Chapter 6:

A Dreamy Experience

A World Without You


We finished eating and I ordered a couple of glasses of water.

“So, what did you want to talk about?”

She put her hands on the table and gazed into my eyes. I realized that it was something serious.

“I want to apologize to you first.”

“For what? I don’t see a reason to.”

“I was so distant towards you back then and didn’t bother to contact you again even after you’ve been so kind to me…”

“I’m the one who made a mistake. You don’t have to apologize. I was the one who tried to gain the attention of a girl who wasn’t interested in me.”

“No…”

“It’s just that… The moment I saw you for the first time, my eyes were stuck on you like magic. You’re so beautiful that I froze in place. From then, I observed you dance and play the violin. It was such a marvelous performance that my admiration for you only grew. And, by the conversations I had with you, I learned how amazing of a person you are. It was then I started having a crush on you. My fondness for you only grew by the day. Now that I think of it, it is ridiculous but, I even imagined what it’s gonna be like if we started dating. I even explored stuff like TV shows that you like and watched them just so we could have a conversation. But, everything has a limit. Once I realized, I had nothing left to talk with you, except the boring stuff which I was sure you didn’t like. Then I realized what was happening. You were never as eager and interested as I was and it felt like I was just projecting my feelings onto you. Then a wave of guilt hit me and I started thinking of stuff like ‘maybe she was just putting up with me’, which made me feel miserable.
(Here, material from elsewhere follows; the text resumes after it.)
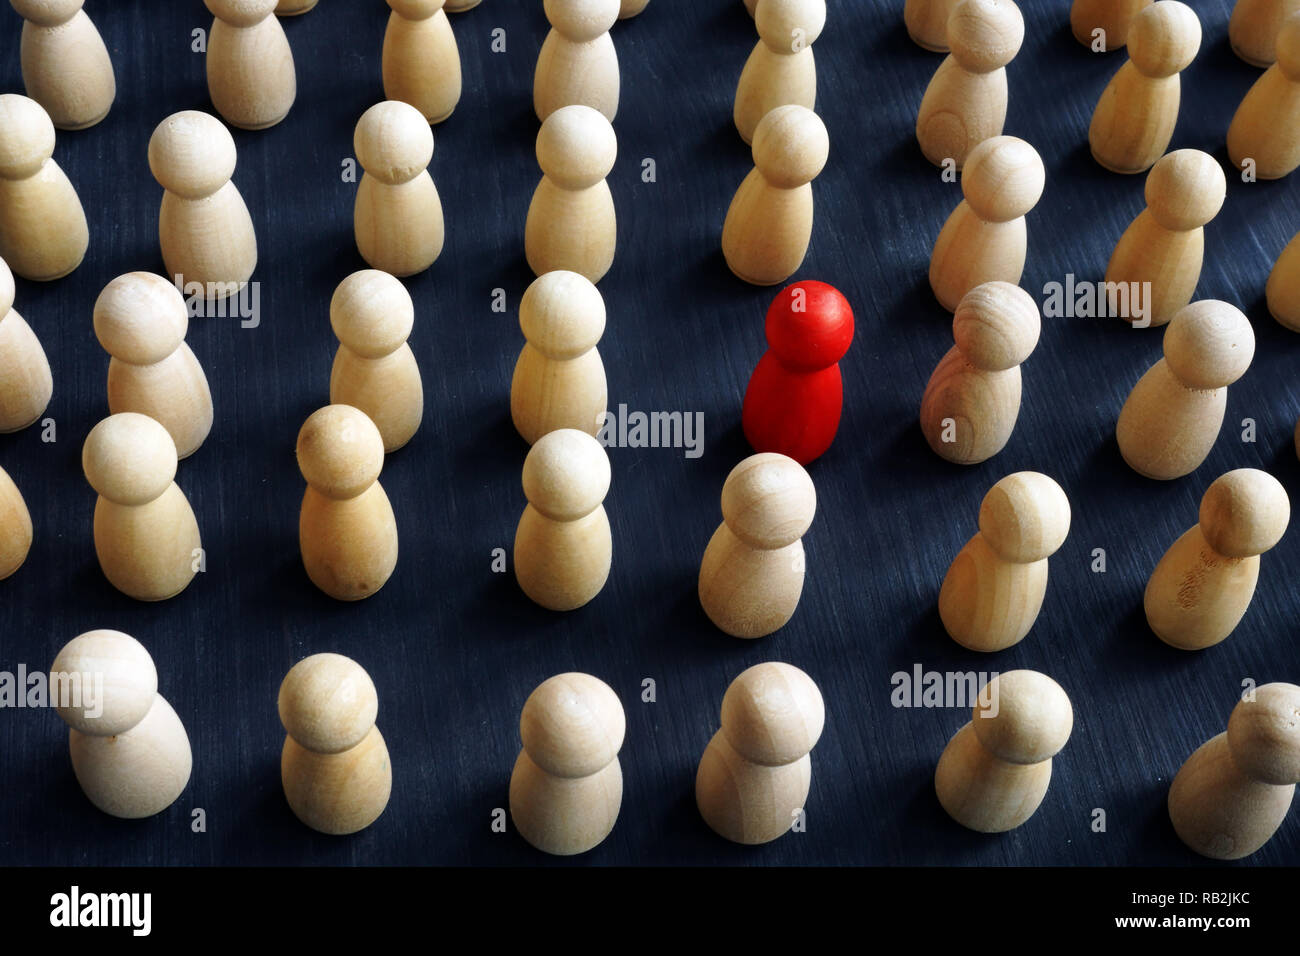 Unique, individual and think differently. Crowd of wooden figures and red one. Stock Photo
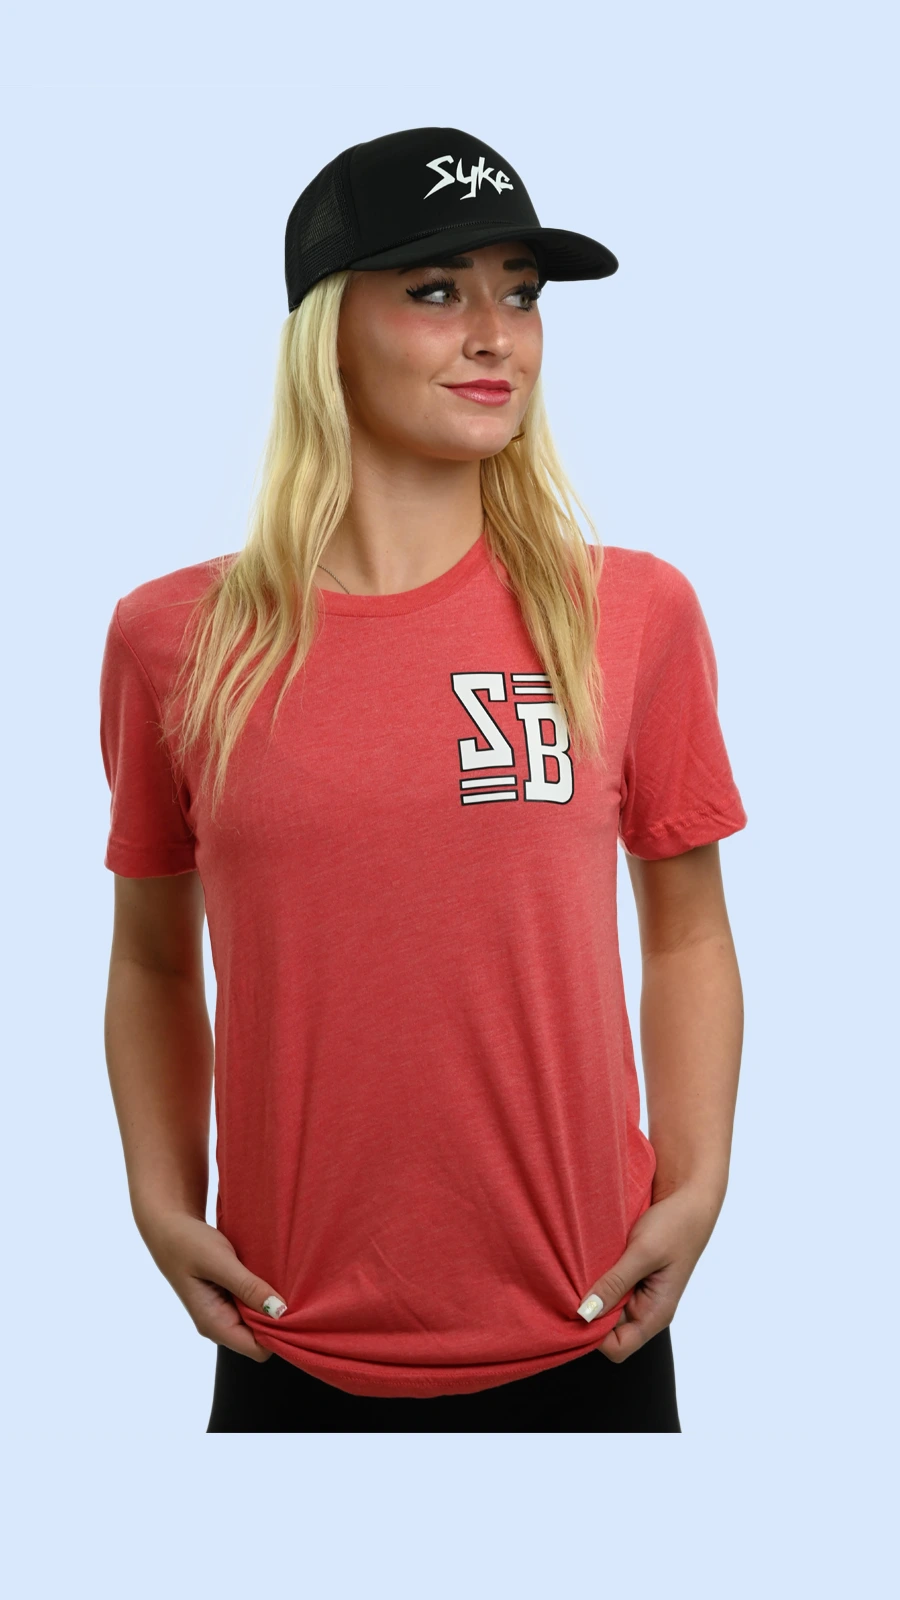 SYKE Never Stop KC tshirts for women

A relationship requires effort from both sides to ensure happiness and contentment. Once I realized that, I couldn’t bring myself to contact you. Still, I hoped that you would one day contact me and this burden would be lifted off me. You never did. Then I started immersing myself in work, anime, games, and other stuff. Throughout your absence, I realized the difference between liking and loving someone. The latter, in my opinion, has to be unconditional, and for it to BE unconditional, I have to know ‘that someone’ more which can only be achieved by spending quality time with each other and enjoying each other’s presence. This would make me feel that I need to love and protect that someone. So, once again, I apologize for causing trouble since I was the one who imagined stuff and got hurt on my own.”

While I was rambling my feelings non-stop, she just kept looking into my eyes calmly and carefully listened to everything that I said. She then took a sip of water and looked into my eyes. I felt a huge wave of guilt cover my mind for dumping my feelings onto her. So, I apologized-

“Sorry for ruining the mood. But, I sincerely want to know you more and be friends with you. Still, I will respect your decision regardless of what it may be.”

“I was a shy person and I was scared that it would cause a misunderstanding and ruin both my image and relationship with friends and family if I offended someone unknowingly. It happened a couple of times in my past where I unknowingly offended people which was not my intention. Since then, I started limiting my interactions with people. A few years later, you came into my life and helped me open up and say what was on my mind. I’m sure You did it while being completely unaware of it. I thought I gained a valuable person in my life and I thought spending more time with you would be even more fun. I thought about many things I wanted to tell you but I couldn’t find the courage to do so. It was exactly then you started speaking to me less and less. I thought ‘Oh… he’s also done with me.’ and I felt that same despair loom over me again. With a painful heart, I entered college and found myself in trouble with a couple of seniors. Like a blessing, I found you again and I was so happy to know that you didn’t give up on me when I was told that it was you who sent Aashvi to my rescue. These little gestures of kindness by you made me feel really blessed. So, I called you out to request that we should start over again.”

With happiness in my eyes, I said “We really should. And I am extremely happy right now!”

“Me too…”

We silently stared at each other and blushed. I was glad that it was just a misunderstanding on my part.

“I’ll pay for myself…”

“No, I’m the one who brought you here so I insist on paying.”

“I can’t let you do that… It’s an expensive place too…”

“It’s fine. I’m paying because I’m really happy that you gave your time to me and for the fact that we made up.”

I went to my dorm and went to bed quicker than usual since I felt really tired. I felt really happy and was excited for the upcoming days of my life which were going to be filled with unforgettable memories with her.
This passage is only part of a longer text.